Evaluating and Treating Carbon Monoxide Poisoning



AP Photo/Steve Helber
A police officer stands guard as residents of an apartment building where several students were overcome by carbon monoxide remove belongings in Blacksburg, Va., last August.
The latest technology showing up on the market allows medical providers to monitor levels of carbon monoxide in a patient. But before we discuss the benefits of these advances, we must understand the pathophysiology of carbon monoxide — essentially how it works and affects the body.

As a brief, initial overview, CO poisoning is the most common exposure poisoning in the United States and the rest of the world. It is an odorless, colorless gas that can cause sudden illness and death. As it is found in fumes from combustion, CO is produced from a variety of sources such as vehicles, gasoline engines, camp stoves, lanterns, burning charcoal and wood, gas ranges, heating systems and poorly vented chimneys. Structural fires are another common source of CO exposure for both victims and firefighters.

CO poisoning is commonly seen during cold weather because people spend more time in their homes, a time when they are better insulated, which keeps CO in the home. However, it's important to remember that CO poisoning can be experienced throughout the year.

Pathophysiology of carbon monoxide
CO toxicity causes impaired oxygen delivery and utilization at the cellular level. It aggressively competes with oxygen for the limited oxygen-binding receptor sites on hemoglobin in the red blood cell. Because it has a greater affinity to the blood cell than oxygen, a CO molecule will bind to hemoglobin 200 times stronger than that of oxygen. As a person is exposed to more CO, the level of CO attached to the blood — carboxyhemoglobin — increases. This makes the red blood cell incapable of transporting oxygen throughout the body. Once the ability to transport oxygen is lost, the body can not survive without medical intervention.

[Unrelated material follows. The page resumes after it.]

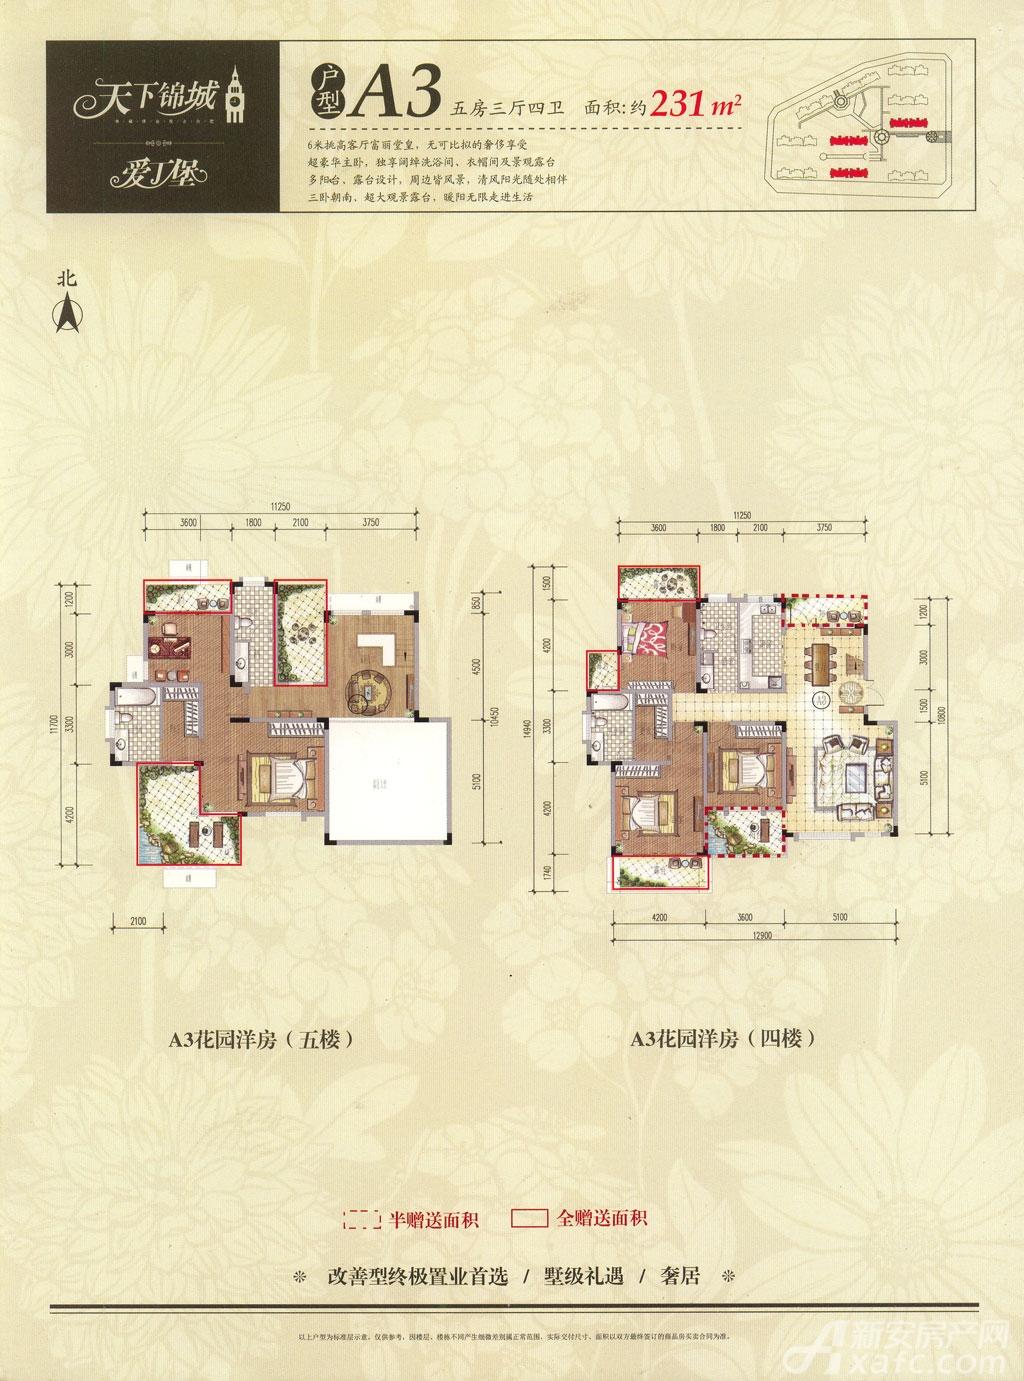 天下锦城a3户型四室及以上户型图-天下锦城图片相册图片

CO poisoning has adverse effects on all systems of the body. Simply put, the body needs oxygen — and that critical element is being displaced from the hemoglobin by CO. One of the most important systems impacted is the central nervous system. A person exposed to CO may have symptoms such as headaches, confusion and dizziness. As the level of CO increases, the person may have seizures or even go into a coma.

It is also important to know that CO can impact cardiovascular systems, which would present such symptoms as chest pain, dysrhthmias, myocardial ischemia and possibly ventricular fibrillation. This is significant when considering that firefighters may already be at risk for a cardiac event.

Signs and symptoms
The signs and symptoms of CO poisoning often are similar to other illnesses, which may lead to a misdiagnosis by medical providers. Prehospital providers need to be aware of these symptoms and how they may present with patients experiencing elevated levels of carboxyhemoglobin. These symptoms include any of the following:   
  • Flu-like illness
  • Fatigue
  • Chest pain
  • Lethargy
  • Depression
  • Nausea
  • Vomiting
  • Headaches
  • Abdominal pain
  • Drowsiness
  • Coma

These may vary with both the level of CO and the time of exposure. As the level of CO in the blood increases, the severity of the poisoning also rises.

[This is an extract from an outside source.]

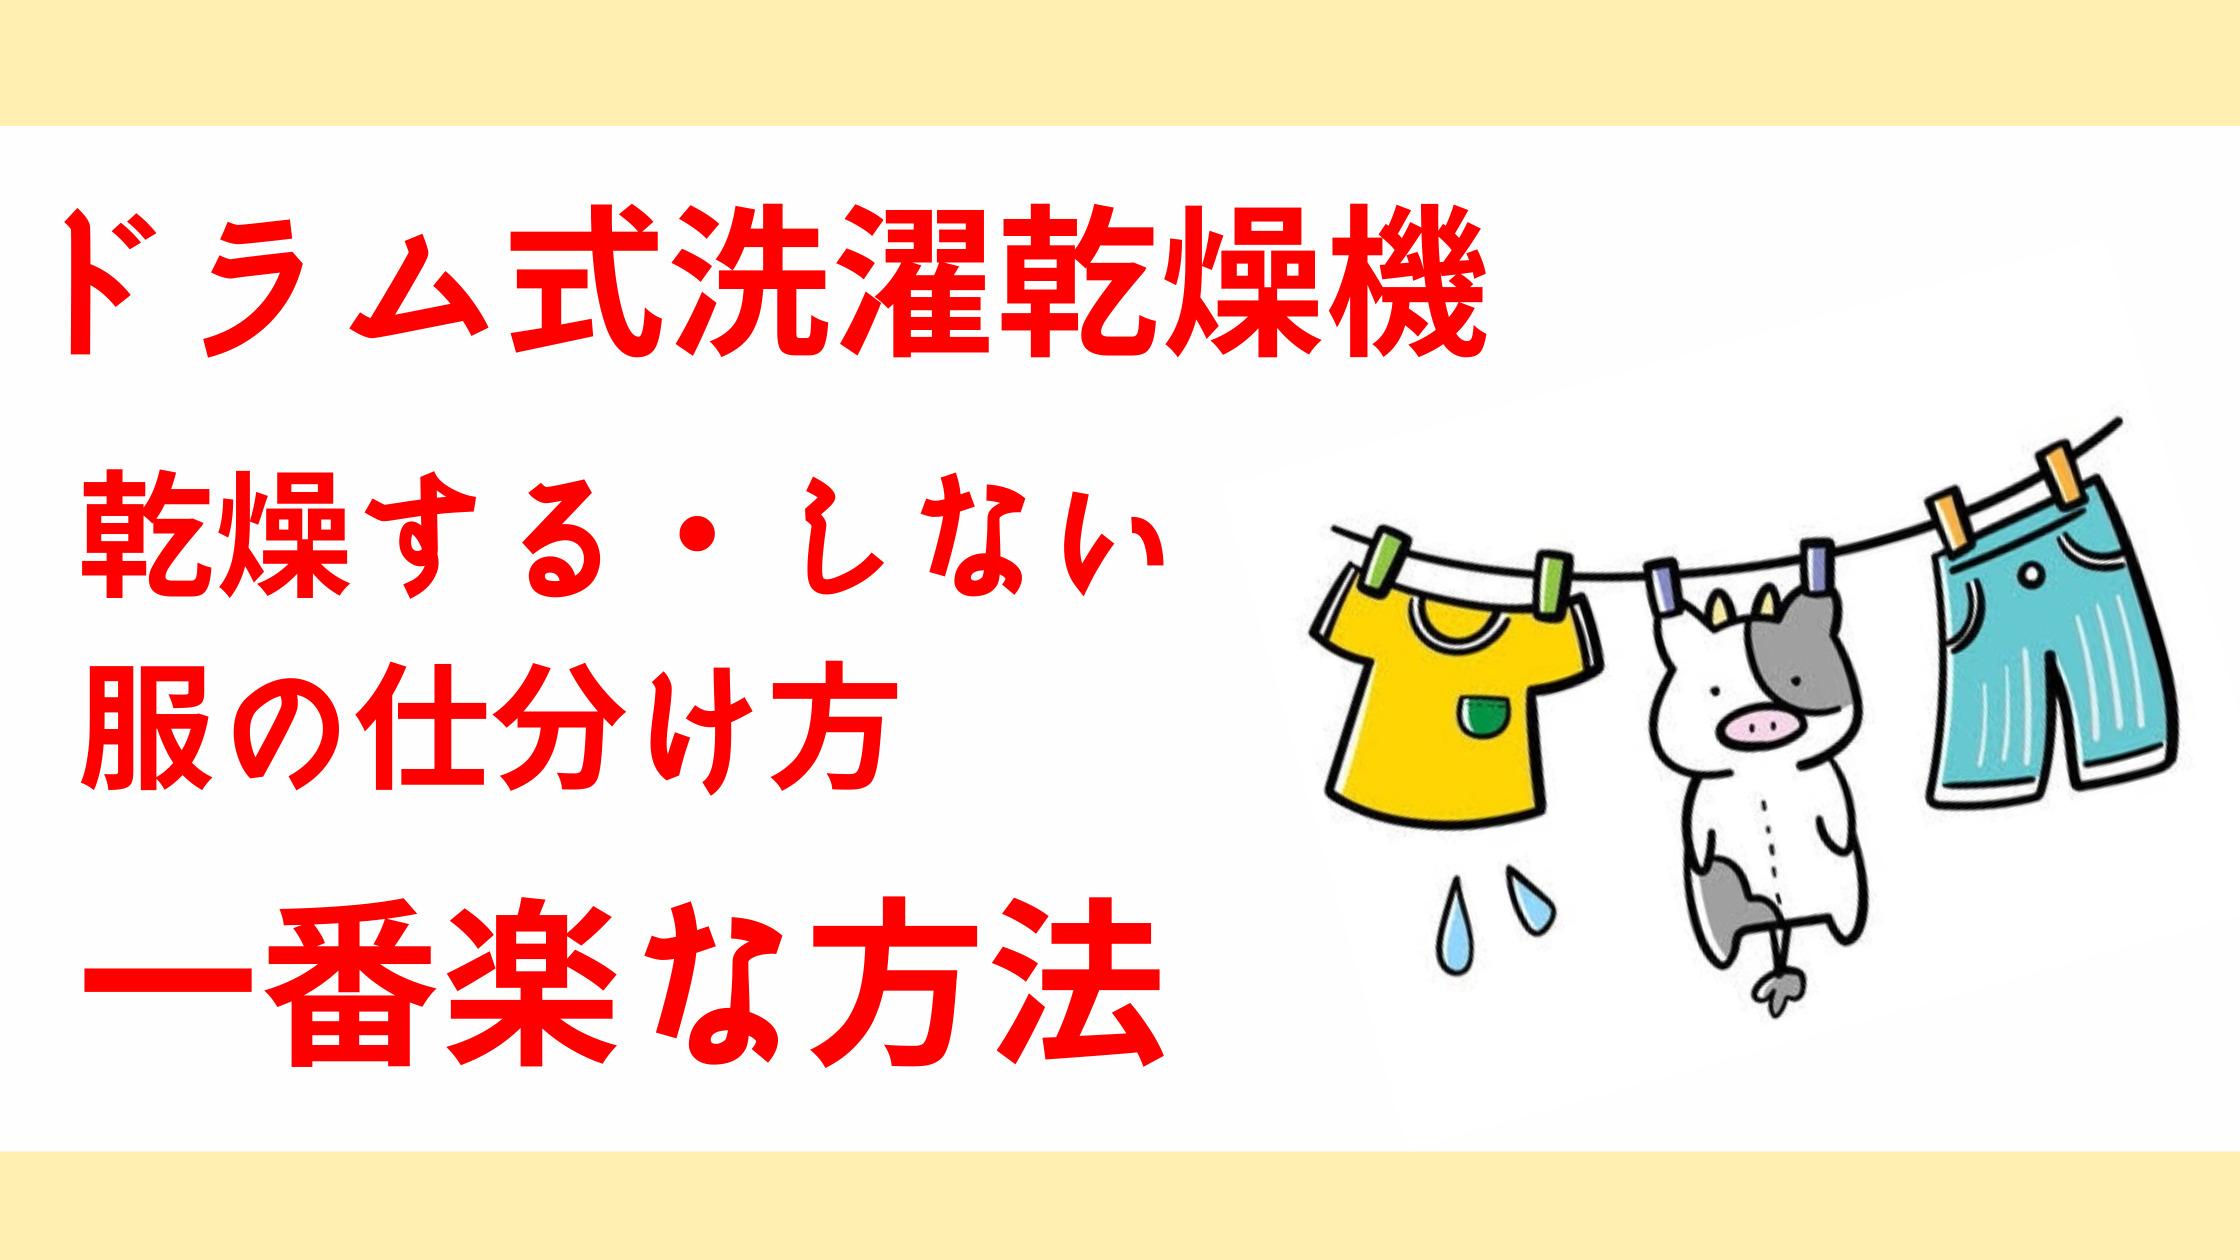 ドラム式洗濯乾燥機乾燥するしない衣服仕分け方一番簡単な方法

CO is eliminated by the lungs; however, this may take some time. The half-life of CO is three to four hours, which means that it will take that amount of time to reduce the amount by one-half. The use of high concentration (100 percent) oxygen will reduce the half-life to 30-90 minutes.

CO affects several different sites within the body but has its most profound impact on the organs with the highest oxygen requirement such as the brain and heart. Misdiagnosis commonly occurs because of the vagueness and broad spectrum of complaints, with symptoms often being attributed to a viral illness such as the flu in winter months.

It is important to remember that you can not use a pulse oximeter to determine if a patient has been exposed to CO. While it may display what appears to be a normal oxygen saturation of the upper 90 percent region, in reality the patient does not have enough oxygen bound to the hemoglobin.

Remember, CO competes with the body's preferred oxyhemoglobin. Basically, pulse oximeter technology measures the percentage of something — normally oxygen — that is bound to hemoglobin. However, a pulse oximeter can not determine if it is oxygen or carbon monoxide.

To determine the percent of CO in the blood, one needs to use the new technology of Pulse CO-oximetry. This can determine both the percentage measurement of CO saturation found bonded to hemoglobin as well that of oxygen.

Those at risk
As with many illnesses, the population groups at increased risk for CO exposure are the very young and old. Often this is due to changes in their physiology. In addition, they may also have longer durations of exposure because they are less likely to be leaving their homes.

Pregnant women, and more importantly the fetus, are at an increased risk for adverse outcomes from CO exposure, largely due to the fetal circulation. The fetal hemoglobin has an even higher affinity for CO than that of the adult.

Other populations at risk include anyone with respiratory compromise, since they may already have a limited ability to oxygenate their circulatory system. Also, those with various types of anemia such sickle-cell, iron deficiency or thalassemia are at high risk, too.

Firefighters are always at risk and should be evaluated while in rehab during firefighting operations. Using a Pulse CO-oximeter is simple, accurate and very fast. This allows you to monitor firefighters, and use high-concentrations of oxygen to help treat for the effects of CO poisoning.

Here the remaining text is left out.